Well, now it’s happened. Iranian icon Masih Alinejad has been damned as an Islamophobe. One of the theocratic regime’s most dreaded heretics, for her fearless defence of secular values and women’s rights, Alinejad has been living in exile in the United States since 2014. And last week she was marked with that shaming slur of ‘phobe’. Her crime? Daring to diss the hijab. Her accuser? None other than Mehdi Hasan – motormouth hack, darling of America’s coastal bourgeoisie, and someone who will never suffer the indignity of being told what to wear by preening, arrogant men who think they can talk to God.
I don’t think I have ever been as much ‘team’ someone as I was Team Masih in her digital clash with Hasan. It kicked off on Thursday when Alinejad had the temerity to criticise New York’s sainted faux-Marxian mayor, Zohran Mamdani. His office put out a tweet celebrating World Hijab Day. This garment is a ‘powerful symbol of devotion and celebration of Muslim heritage’, it gushed. It’s also a powerful symbol of sexist suppression under the boot of theocracy, as anyone who can be arsed to watch the news from Iran will know. Alinejad wasn’t happy. She let rip.
‘Really? Right now?’, she tweeted in reply to City Hall’s clueless hijab-cheering. You fawn over this hair-shaming cloak while women in ‘my wounded country’ are being jailed, shot and killed for refusing [it]’, she thundered. She then mused on Mamdani’s yellow-bellied silence on the massacres in Iran. ‘Not a single word of sympathy from you’, she wrote. ‘No expression of solidarity.’ She wondered – searingly – what kind of supposed progressive is less interested in ‘standing with women’ than ‘standing with our jailers’.
It was a blistering pushback. And she’s dead right: there is something seriously off about the fact that as women in Iran risk their lives by casting off the hijab, we in the West bow down to that regressive covering. There are even World Hijab Day events in British schools, where non-Muslim girls are encouraged to put one on to see what life is like for a Muslim. As one observer quipped, how about encouraging Muslim girls to take theirs off so that they might taste that hair-flowing freedom their non-Muslim peers enjoy?
Not everyone was pleased with Alinejad’s Mamdani-slamming. Step forward, Mehdi. ‘I have a feeling’, he said, ‘that a lot more Muslims around the world would support the Iranian protests for freedom and democracy if so many members of the pro-regime-change Iranian diaspora weren’t such raging Islamophobes’. Got that? Alinejhad isn’t just an ‘Islamophobe’ for having the audacity to reject a religious garment – she’s a raging Islamophobe. Ready the stocks. Prepare the fruit. A woman has spoken ill of religion.
The more I think about it, the more astonishingly awful Hasan’s comment becomes. What would possess a man to so publicly rebuke a woman for supposedly speaking out of turn? Even if that’s what you think privately – that these religion-mocking broads should pipe down – you really should control yourself in public. More to the point, what did Alinejad say that was ‘Islamophobic’? She made not one bigoted remark about Muslims. She only said the mayor of NYC should not celebrate the hijab and instead should show solidarity with the men and women fighting for freedom in Iran.

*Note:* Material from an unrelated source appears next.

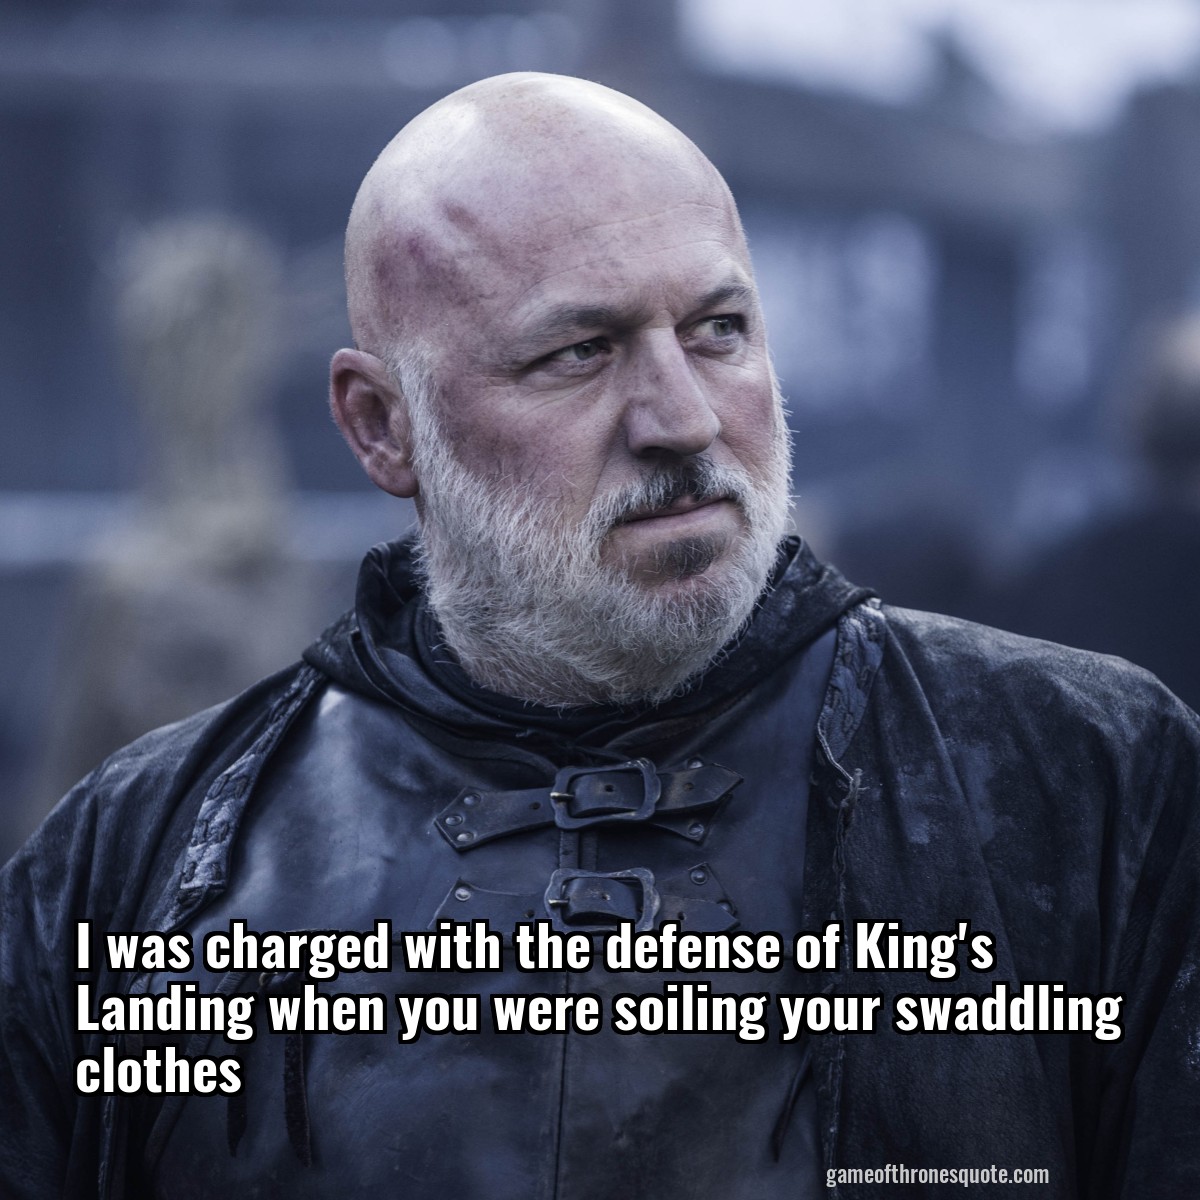 I was charged with the defense of King's Landing when you were soiling your swaddling clothes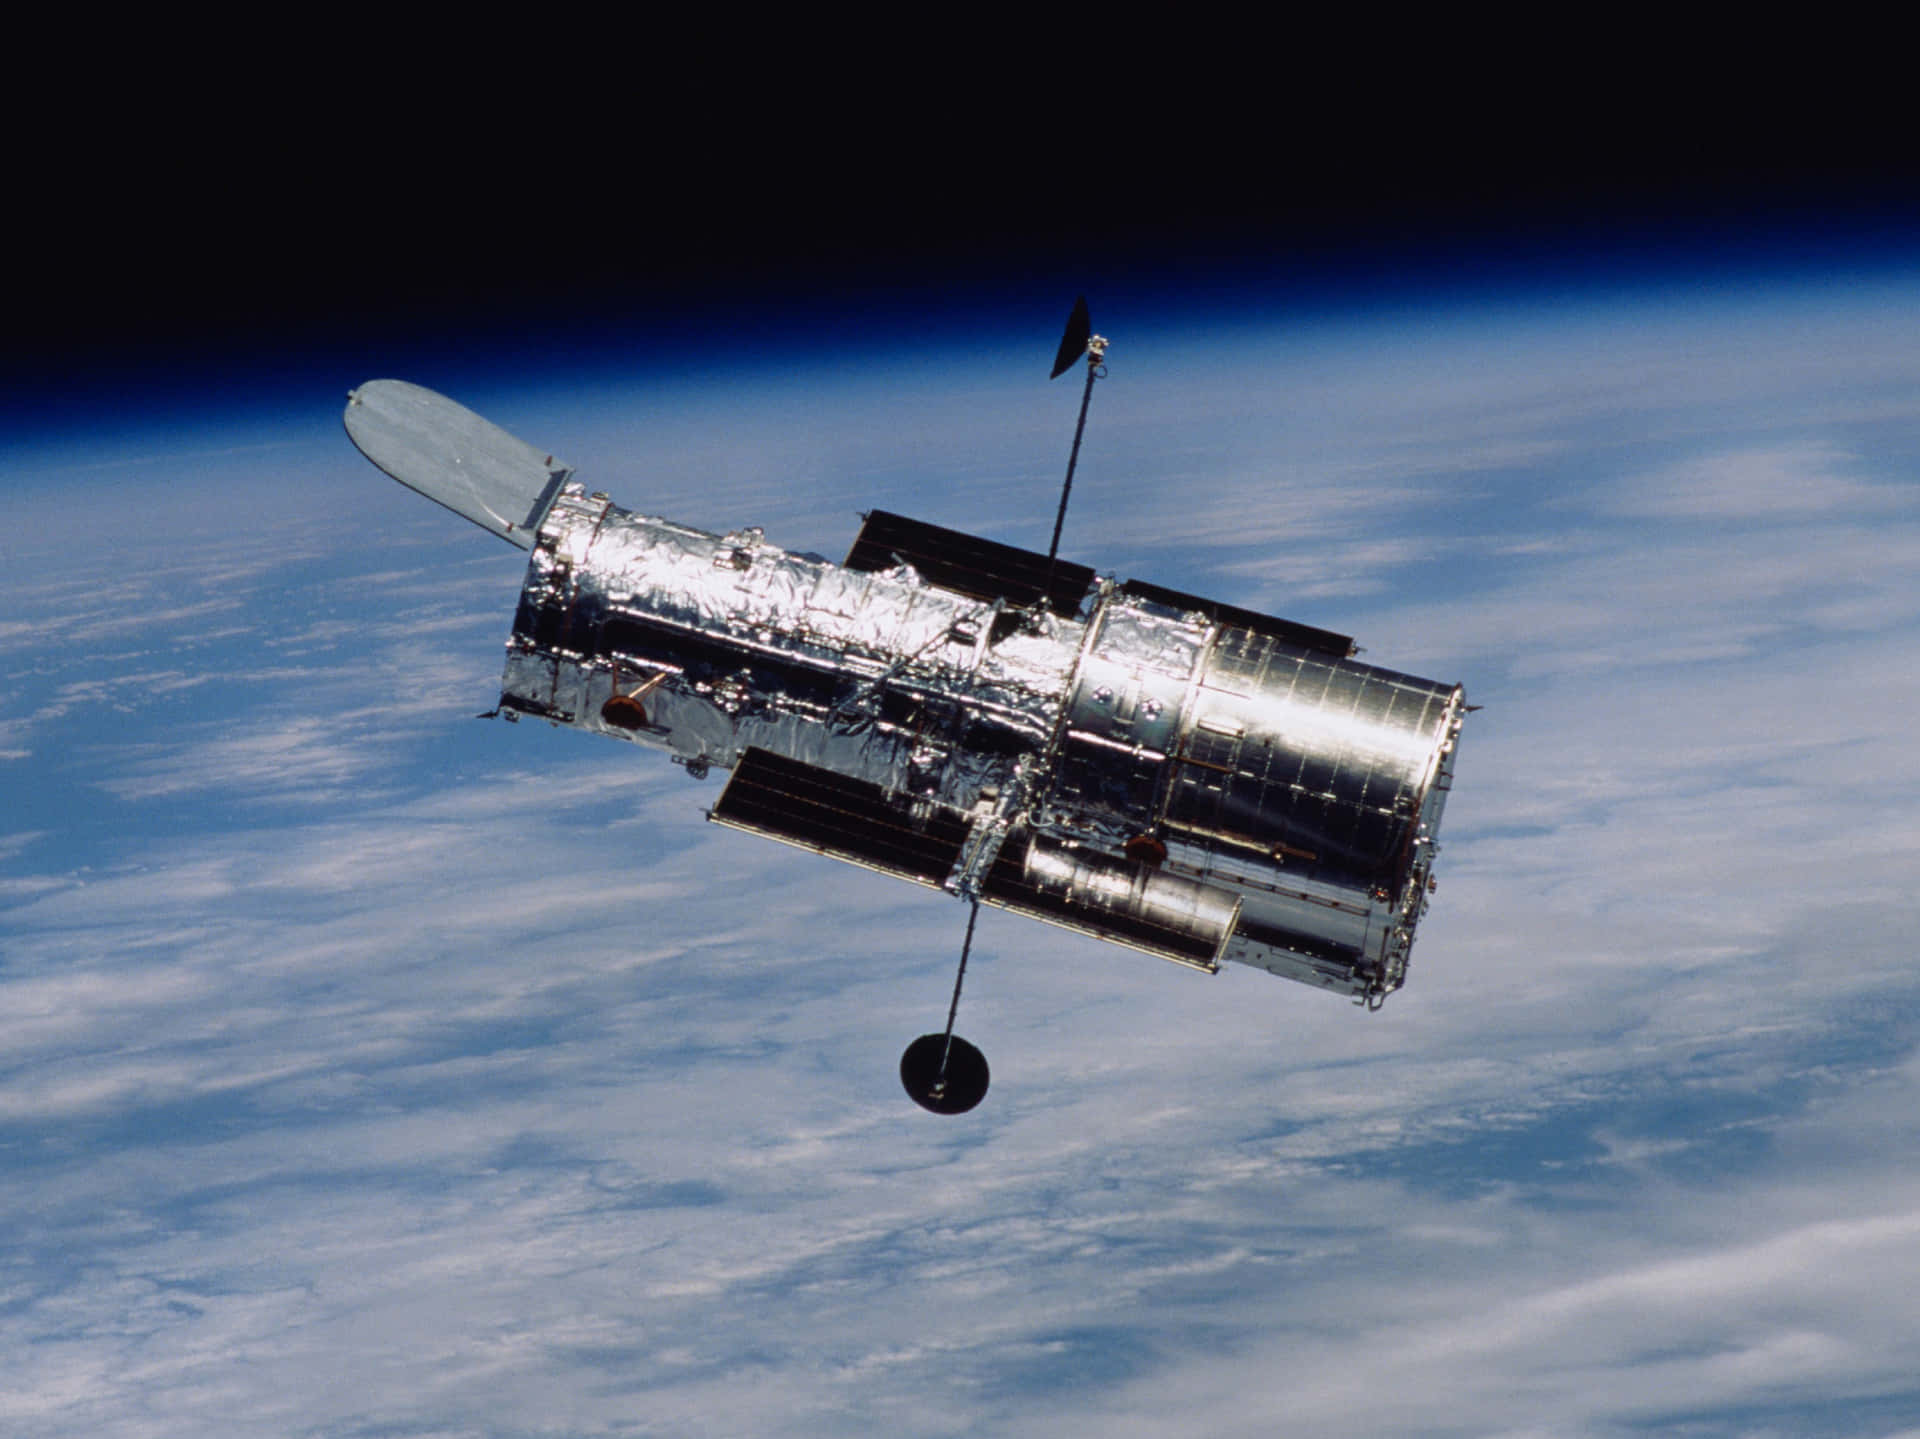 Hubble Space Telescope capturing the mind-blowing view of the universe. Wallpaper

That Hasan felt cocky enough to call such sane, normal commentary ‘Islamophobic’ reveals what that word really means. The woke warriors against ‘Islamophobia’ are not fighting bigotry. They’re punishing blasphemy. They’re policing speech. They’re ringfencing religion – well, one religion – from the scurrilous wrongthink of the masses. That a public figure like Alinejad can be shamed for rejecting the hijab and raging against Tehran’s cruel rulers leaves no doubt – ‘Islamophobia’ means nothing more and nothing less than showing an impious disregard for the diktats of Islam.
We end up in a situation where a bloke can scold a woman for being irreligious. Not only is that morally out of order – the optics of it are absolutely dire, too. The Islamophobia-hunters of the credentialled classes are so drunk on misplaced moral arrogance that they can’t even see what the rest of us can – that their hectoring of Islam’s critics is an act of rank authoritarianism that makes them look like total wankers. Alinejad’s friends back in Iran are being arrested, flogged, jailed, and Hasan has a go at her? I don’t particularly like the term ‘male privilege’ but it’s hard to see what else made him think he could behave in such a shrill, illiberal and ungentlemanly fashion.
There’s a larger problem here. Across the West we have instituted rules against the dissing of Islam. You face shaming, or the sack, and sometimes even violence, if you mock Muhammad. And here’s the thing: that’s also why Iran’s dissenters are being so violently pummelled by their theocratic overlords. Because they, too, have been found guilty of anti-Islam sentiment. Alinejad was branded ‘anti-Islam’ by her former dictators in Iran – now she is ridiculed as ‘Islamophobic’ by some progressives in her adopted home of the United States. What a disgusting betrayal of a woman’s right to say whatever she wants, however many God-botherers she pisses off.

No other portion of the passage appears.